This is supposed to be a security issue for JavaScript. General Server A is set to not allow other domains of machine B to perform AJAX calls on Server A resource reason, can give a simple example of security vulnerabilities:
Assuming Ajax can overwhelm domain access, then I can write Ajax on my own machine to request resources from Google's various web applications, such as using Firefox to study the address and parameters of Gmail's large number of AJAX requests during the login process. You can get the user cookie verification process and then write JS to cross the domain to obtain another user's cookie, so you can bypass the user's Gmail password and log into someone else's Gmail mailbox
So with Ajax cross-domain restrictions, is it really impossible to do Ajax-domain access?

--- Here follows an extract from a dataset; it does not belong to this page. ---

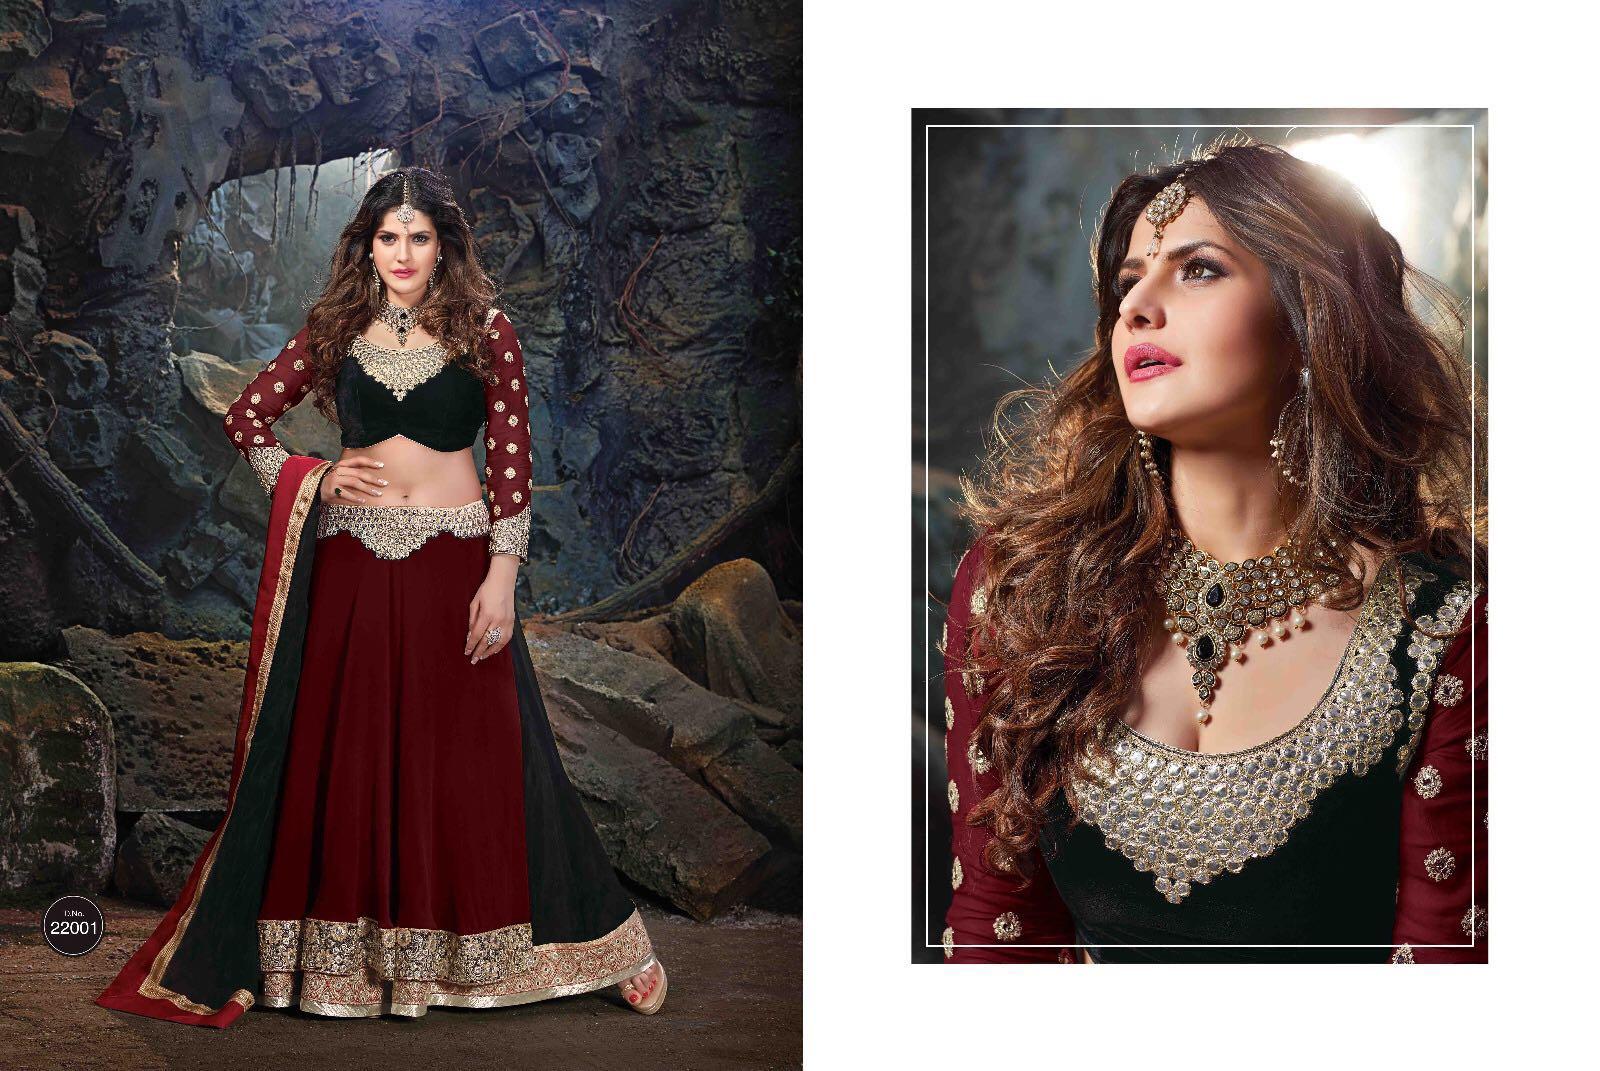 1bdbf4b6c1 Bridal Vol 2 - Zarin Khan Looking Stunning In This Lehenga Choli ...

Ajax collapse does not work, but we can relay implementation, that is, the so-called proxy
The principle is very simple, in their own JS and remote server A resources between the set up a own container
can be used in ASP, PHP, Java,. NET, and so on all the dynamic Web language can
Take ASP as an example (get the buddy list for a user of the is soon hot Web site, return the XML data format)
<%
p = "http://redekuai.com/api/user_friends_xml/funy"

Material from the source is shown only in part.